Category Archives: Microbes

Hospital bacteria: in my blood, in my IV.

I recently had a run-in with some bacterial cousins, courtesy of a small post-surgical wound. The bacteria were winning, so I spent a few days in the hospital where attentive medical staff mainlined antibiotics into my arm. The treatment worked, I’m all healed up, and the hospital guards set me free.

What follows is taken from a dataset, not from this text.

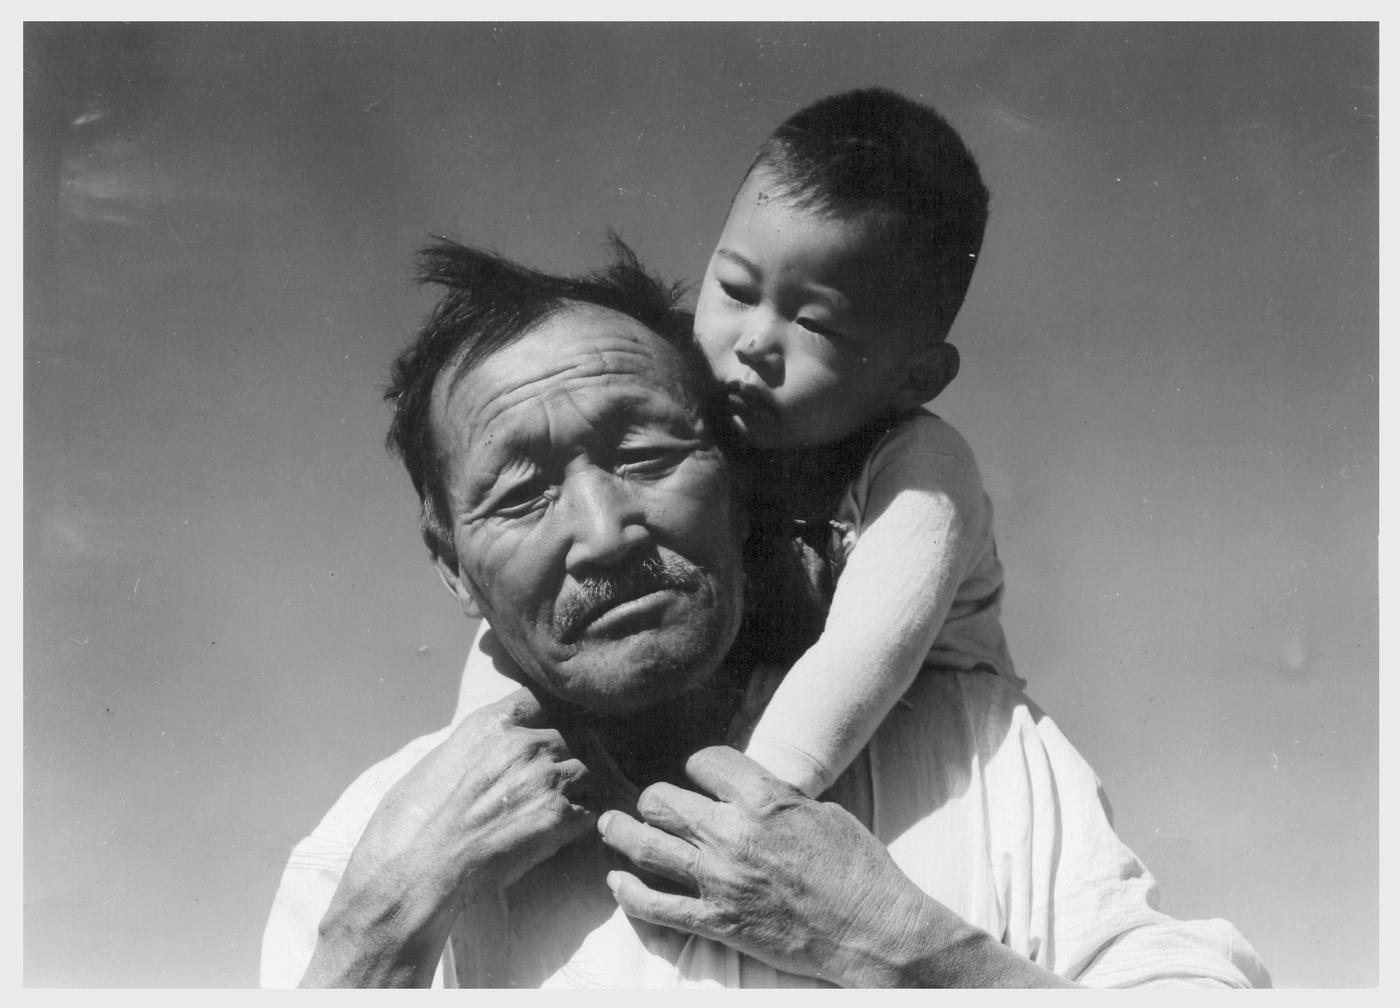 : Manzanar Relocation Center, Manzanar, California. Grandfather and grandson of Japanese ancestry at this War Relocation Authority center.

There were some interesting lessons in the wheeled tree of bags and bottles that was my shadow, my daemon, my constant umbilical companion.

IMG1107The molecules flowing into me were labeled and bar-coded. As was I. Both patient and bag were laser-scanned with every fresh dose of fluid. Just like the supermarket checkout: Beep-beep. And thereby, errors avoided, we hope.

But the names and numbers hid a deeper history. Each one of the antibiotics that I received was a synthetic derivative of a drug derived from a living organism. In other words, scientists took an antibiotic produced by a bacteria or fungus, then synthesized a new molecule that was modeled on the original chemical structure but with some extra added molecular tails and loops. Why bother with the modifications? Sometimes the synthetic version is more potent; sometimes it is a replacement for the original, a replacement necessitated by the evolution of antibiotic resistance in the pathogenic bacteria.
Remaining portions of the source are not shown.